◆ Work item: Each line in the data holding "with" should be listed.
=== Input ===
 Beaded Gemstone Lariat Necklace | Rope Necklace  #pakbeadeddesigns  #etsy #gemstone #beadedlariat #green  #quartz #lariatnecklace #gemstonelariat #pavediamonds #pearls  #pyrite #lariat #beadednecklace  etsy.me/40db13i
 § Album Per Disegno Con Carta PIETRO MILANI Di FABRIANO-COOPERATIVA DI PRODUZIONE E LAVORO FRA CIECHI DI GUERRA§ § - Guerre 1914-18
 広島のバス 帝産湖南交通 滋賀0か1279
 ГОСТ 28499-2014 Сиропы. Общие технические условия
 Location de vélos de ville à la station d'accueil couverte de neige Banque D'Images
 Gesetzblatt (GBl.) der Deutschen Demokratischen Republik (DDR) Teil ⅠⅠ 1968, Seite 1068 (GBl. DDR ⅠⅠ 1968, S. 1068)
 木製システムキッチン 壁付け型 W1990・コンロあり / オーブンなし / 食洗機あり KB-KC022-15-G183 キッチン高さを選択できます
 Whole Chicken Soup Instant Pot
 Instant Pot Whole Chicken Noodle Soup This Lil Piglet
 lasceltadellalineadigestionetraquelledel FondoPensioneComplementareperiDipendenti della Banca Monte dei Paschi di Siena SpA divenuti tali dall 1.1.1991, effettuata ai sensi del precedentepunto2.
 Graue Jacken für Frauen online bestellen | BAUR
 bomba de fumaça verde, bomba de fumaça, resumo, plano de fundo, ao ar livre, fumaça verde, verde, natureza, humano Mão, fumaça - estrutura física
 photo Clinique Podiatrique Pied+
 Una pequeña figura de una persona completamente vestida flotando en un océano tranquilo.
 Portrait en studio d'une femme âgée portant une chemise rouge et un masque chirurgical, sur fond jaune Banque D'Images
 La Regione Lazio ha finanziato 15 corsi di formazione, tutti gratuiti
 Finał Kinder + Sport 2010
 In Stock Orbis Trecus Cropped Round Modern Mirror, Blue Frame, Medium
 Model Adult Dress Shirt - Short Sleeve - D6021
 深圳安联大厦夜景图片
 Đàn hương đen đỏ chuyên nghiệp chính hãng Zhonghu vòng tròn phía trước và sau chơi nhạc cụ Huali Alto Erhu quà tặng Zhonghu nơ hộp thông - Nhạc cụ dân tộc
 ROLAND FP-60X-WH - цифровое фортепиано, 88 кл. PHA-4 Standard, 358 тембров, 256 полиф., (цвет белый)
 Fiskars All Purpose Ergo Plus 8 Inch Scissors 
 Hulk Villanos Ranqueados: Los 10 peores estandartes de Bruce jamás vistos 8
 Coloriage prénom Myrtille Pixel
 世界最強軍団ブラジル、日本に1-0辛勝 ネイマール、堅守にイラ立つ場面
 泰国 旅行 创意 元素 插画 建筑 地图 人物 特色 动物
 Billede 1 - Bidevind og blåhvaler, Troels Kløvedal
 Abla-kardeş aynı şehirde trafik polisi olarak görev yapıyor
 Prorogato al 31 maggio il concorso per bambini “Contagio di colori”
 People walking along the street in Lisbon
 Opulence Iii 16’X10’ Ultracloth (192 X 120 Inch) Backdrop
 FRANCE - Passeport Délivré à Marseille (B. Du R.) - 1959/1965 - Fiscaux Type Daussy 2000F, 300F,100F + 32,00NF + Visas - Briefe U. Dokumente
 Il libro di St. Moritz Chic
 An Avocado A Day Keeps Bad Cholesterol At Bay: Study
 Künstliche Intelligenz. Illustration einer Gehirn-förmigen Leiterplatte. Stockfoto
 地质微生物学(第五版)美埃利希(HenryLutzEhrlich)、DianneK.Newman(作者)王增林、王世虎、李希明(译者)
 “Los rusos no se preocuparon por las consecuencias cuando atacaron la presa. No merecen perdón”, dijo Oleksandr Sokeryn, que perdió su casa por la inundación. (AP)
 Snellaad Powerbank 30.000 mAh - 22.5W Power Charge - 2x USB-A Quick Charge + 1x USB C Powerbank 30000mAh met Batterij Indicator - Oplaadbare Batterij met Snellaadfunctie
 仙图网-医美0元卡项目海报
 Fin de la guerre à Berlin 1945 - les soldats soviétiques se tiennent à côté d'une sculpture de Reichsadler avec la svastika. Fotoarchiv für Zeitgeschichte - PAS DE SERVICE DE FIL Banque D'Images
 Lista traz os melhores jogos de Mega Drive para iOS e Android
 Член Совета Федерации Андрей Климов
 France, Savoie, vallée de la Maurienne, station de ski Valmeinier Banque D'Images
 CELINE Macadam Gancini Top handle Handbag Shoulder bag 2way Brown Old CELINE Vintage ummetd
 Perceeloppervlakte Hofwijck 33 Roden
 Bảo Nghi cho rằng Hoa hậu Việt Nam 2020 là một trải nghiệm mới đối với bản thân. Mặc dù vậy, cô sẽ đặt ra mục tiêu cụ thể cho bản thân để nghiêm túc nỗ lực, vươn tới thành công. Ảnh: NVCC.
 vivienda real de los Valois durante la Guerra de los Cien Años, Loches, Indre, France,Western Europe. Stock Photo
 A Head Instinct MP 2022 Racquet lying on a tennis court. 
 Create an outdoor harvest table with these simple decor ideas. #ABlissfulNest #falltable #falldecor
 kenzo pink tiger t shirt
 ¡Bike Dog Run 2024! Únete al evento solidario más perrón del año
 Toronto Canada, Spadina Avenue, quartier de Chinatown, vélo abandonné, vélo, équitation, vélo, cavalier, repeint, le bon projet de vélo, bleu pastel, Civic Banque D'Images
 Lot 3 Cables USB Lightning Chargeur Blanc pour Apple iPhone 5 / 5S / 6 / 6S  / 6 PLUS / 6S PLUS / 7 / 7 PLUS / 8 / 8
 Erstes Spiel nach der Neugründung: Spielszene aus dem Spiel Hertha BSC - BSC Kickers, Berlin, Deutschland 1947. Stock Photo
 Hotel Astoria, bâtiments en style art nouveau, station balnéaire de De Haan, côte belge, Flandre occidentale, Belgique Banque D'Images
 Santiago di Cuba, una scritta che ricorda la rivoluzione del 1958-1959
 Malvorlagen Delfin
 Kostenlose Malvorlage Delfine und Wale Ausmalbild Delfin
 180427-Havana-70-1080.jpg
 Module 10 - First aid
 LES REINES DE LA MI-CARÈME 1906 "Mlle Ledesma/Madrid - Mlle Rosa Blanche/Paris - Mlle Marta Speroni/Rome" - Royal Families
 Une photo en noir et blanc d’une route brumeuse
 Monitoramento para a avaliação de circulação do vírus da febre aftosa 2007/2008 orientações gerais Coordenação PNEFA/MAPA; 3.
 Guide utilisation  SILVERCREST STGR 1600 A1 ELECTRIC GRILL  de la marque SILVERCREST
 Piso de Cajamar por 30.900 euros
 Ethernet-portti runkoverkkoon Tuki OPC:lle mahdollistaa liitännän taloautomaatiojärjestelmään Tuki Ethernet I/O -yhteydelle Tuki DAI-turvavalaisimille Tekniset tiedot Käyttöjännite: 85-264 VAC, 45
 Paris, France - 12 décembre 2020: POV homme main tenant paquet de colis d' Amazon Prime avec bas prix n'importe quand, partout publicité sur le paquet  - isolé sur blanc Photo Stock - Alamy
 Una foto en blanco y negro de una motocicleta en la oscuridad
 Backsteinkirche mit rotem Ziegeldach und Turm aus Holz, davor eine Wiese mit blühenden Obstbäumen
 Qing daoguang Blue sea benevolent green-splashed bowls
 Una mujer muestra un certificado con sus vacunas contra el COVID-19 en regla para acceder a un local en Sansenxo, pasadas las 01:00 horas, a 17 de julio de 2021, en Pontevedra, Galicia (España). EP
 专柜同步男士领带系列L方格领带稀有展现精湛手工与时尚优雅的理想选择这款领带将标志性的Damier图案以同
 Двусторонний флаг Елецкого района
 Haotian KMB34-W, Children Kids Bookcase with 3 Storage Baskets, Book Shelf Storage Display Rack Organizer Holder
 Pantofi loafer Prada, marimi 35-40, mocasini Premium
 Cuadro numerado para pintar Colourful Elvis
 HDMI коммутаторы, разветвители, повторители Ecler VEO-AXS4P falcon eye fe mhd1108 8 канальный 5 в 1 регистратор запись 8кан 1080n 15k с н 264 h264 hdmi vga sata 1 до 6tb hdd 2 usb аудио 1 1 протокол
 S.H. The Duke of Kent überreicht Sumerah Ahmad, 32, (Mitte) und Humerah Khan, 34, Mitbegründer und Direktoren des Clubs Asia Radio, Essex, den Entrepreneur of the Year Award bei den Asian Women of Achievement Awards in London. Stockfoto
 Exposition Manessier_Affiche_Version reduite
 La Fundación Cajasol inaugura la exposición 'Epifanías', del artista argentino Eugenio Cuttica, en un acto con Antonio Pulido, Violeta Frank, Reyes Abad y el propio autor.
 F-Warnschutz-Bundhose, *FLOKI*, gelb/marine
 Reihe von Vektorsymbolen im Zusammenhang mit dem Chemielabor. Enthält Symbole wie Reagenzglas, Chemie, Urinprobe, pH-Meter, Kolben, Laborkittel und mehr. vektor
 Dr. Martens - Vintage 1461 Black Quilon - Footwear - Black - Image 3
===
◆ Answer space:
 Create an outdoor harvest table with these simple decor ideas. #ABlissfulNest #falltable #falldecor
 Haotian KMB34-W, Children Kids Bookcase with 3 Storage Baskets, Book Shelf Storage Display Rack Organizer Holder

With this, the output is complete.